Google Used Loopholes To Avoid Paying $3.1 Billion In Taxes
And good for them, as far as I’m concerned. I think it’s every individual, and every company’s, duty to pay as little in taxes as possible.
Google Inc. cut its taxes by $3.1 billion in the last three years using a technique that moves most of its foreign profits through Ireland and the Netherlands to Bermuda.
Google’s income shifting — involving strategies known to lawyers as the “Double Irish” and the “Dutch Sandwich” — helped reduce its overseas tax rate to 2.4 percent, the lowest of the top five U.S. technology companies by market capitalization, according to regulatory filings in six countries.

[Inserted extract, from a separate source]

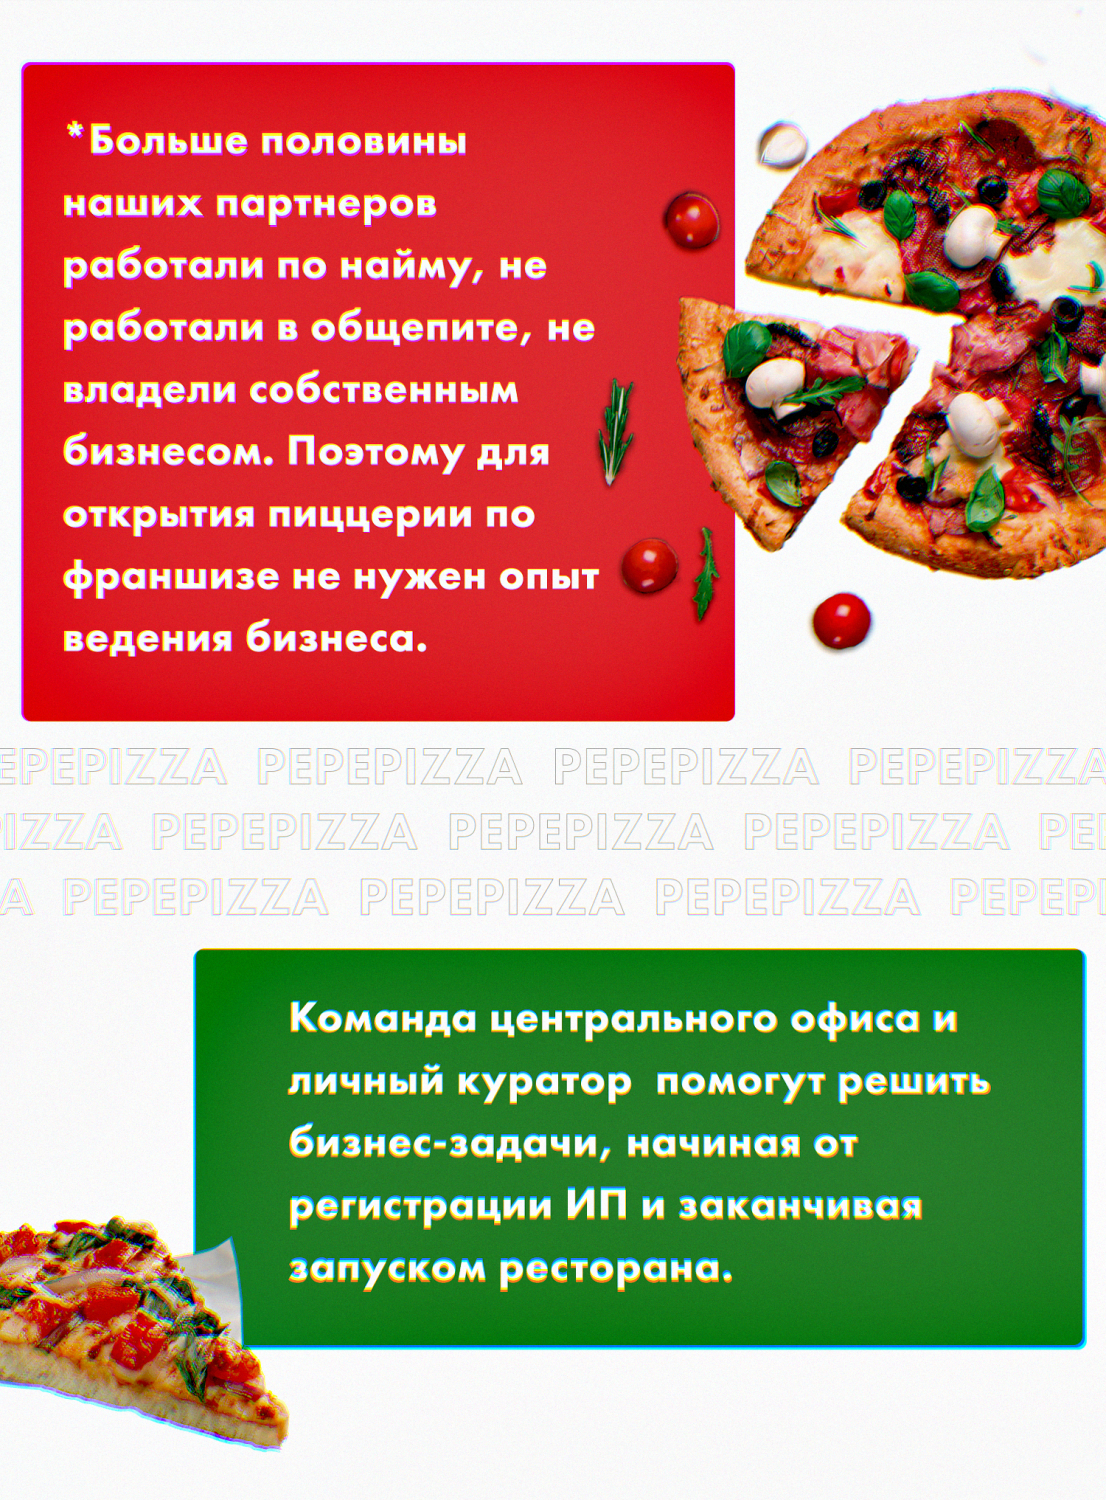 франшиза пиццерии

“It’s remarkable that Google’s effective rate is that low,” said Martin A. Sullivan, a tax economist who formerly worked for the U.S. Treasury Department. “We know this company operates throughout the world mostly in high-tax countries where the average corporate rate is well over 20 percent.”
This is usually where the class warfare takes over. Google is a gigantic and very profitable company and thus should be paying through taxes through the nose, say the class warriors. The fact that Google is able to shift income overseas and avoid paying America’s 2nd-highest-in-the-world corporate tax rate (among other taxes) infuriates them and prompts calls for laws closing the loopholes.
But here’s the thing: If we want companies like Google to stop shifting income overseas, if we want American businesses in general to keep there business here in the United States, we should stop taxing and regulating them to death.
Lower the national corporate tax rate. Lower state corporate tax rates. Deregulate. Stop punishing these companies for being big and successful. Then these companies will keep their profits and operations in the United States.
Of course, this is anathema to the left. They’d rather have you believe that these companies move their profits and operations overseas because they’re greedy and hate Americans or something. The truth is that liberalism does more to drive outsourcing and off-shoring than anything else.